October 27, 2008 by Judith Liebaert
Okay, it’s true that I was a child bride and I chose to start a family as soon as I became a Mrs. When my oldest daughter was married at the same age that I wed her father, and then she gave birth to my first grandchild before I was forty, being a grandmother was a novelty. Nobody believed me. They all insisted I looked too young to be a grandmother. Let’s face it, I was too young.
Now, my fourth grandchild is on the way and nobody bats an eye when I say that. The novelty has worn off and there is no more basking in the notion of being too young. I am a grandmother.
I accompanied my middle daughter on her recent visit to the baby doctor. I wanted to be there for the first listen-in on the heartbeat. My daughter wanted me there to corral her soon to be two-year-old son.
There is not a button, knob or switch that my grandson doesn’t have to push, turn or flip.
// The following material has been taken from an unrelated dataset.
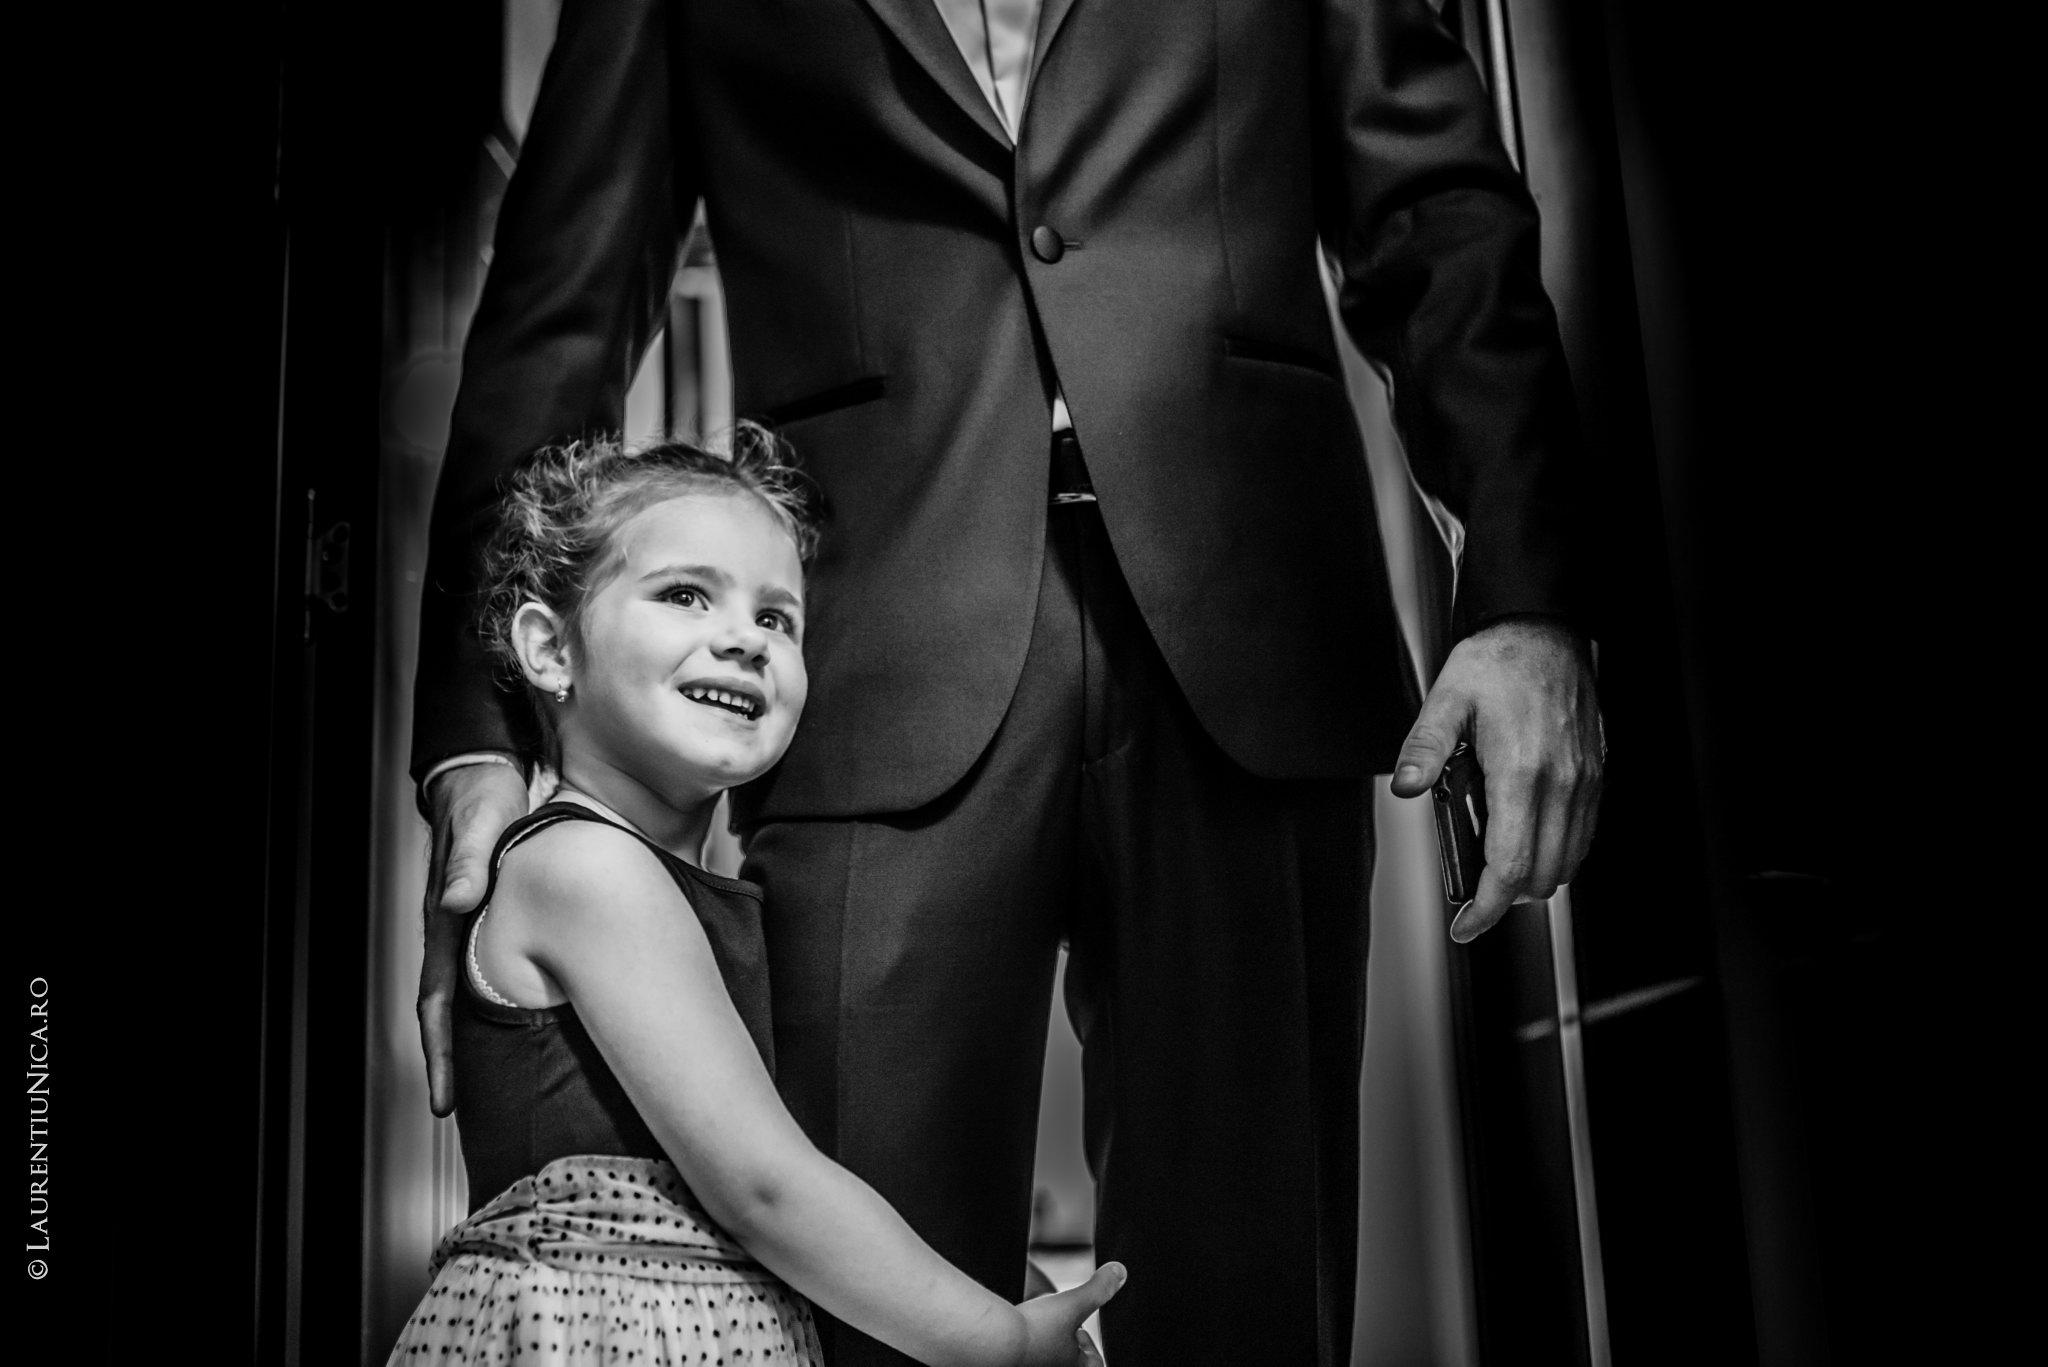 fotografii nunta denisa si florin craiova 02 - Denisa & Florin | Fotografii nunta | Craiova

He knows that doing so makes things happen. Lights turn on, radios blare, garage doors open magically. When the nurse rolled in the ultrasound machine, being restrained from all of those buttons and switches was just too much for him to handle.
I dragged him down the long hallway back to the reception area, screaming all the way – him, not me. Even if I’d wanted to scream (which I didn’t because a grandmother doesn’t give a hoot in Hades if a whole reception room full of patients think her grandchild is a brat), I didn’t have the energy. The kid had already worn me out and we’d barely begun the day.
There is something wrong with this picture. There was a time when I was the mother with one child in tow and another on the way. My own mother and I would pack up the stroller, put the babe in her car seat, go to my doctor’s appointment and then spend the rest of the day shopping, lunching and just having a ball. My mother kept up every bit of the way. Even more astounding, she was almost 20 years older than I am now!
Maybe it’s this whole menopause thing that’s sapping my energy. I was the baby of the family and unlike me, Mom was no child bride. By the time I came along her menopause wasn’t far behind. Thinking back, she often commented on how tired she was raising me. I wish she was here so I could ask her if she had a renewed burst of energy when she hit sixty.
I’m hoping that’s the answer because at eighty-five, mom was still working half a day in her garden – and complaining that she tired so easily. I’m lucky to hold up for an hour of weed pulling, flower planting and fertilizing before I call it quits. At this rate, if I make it past seventy, let alone eighty, I can only imagine I’ll be little more than a fat-cat napping in the sun all day.
Still, judging from the two felines in residence at my house (better known as the furry couch-doilies) that might just be the fat cat’s meow.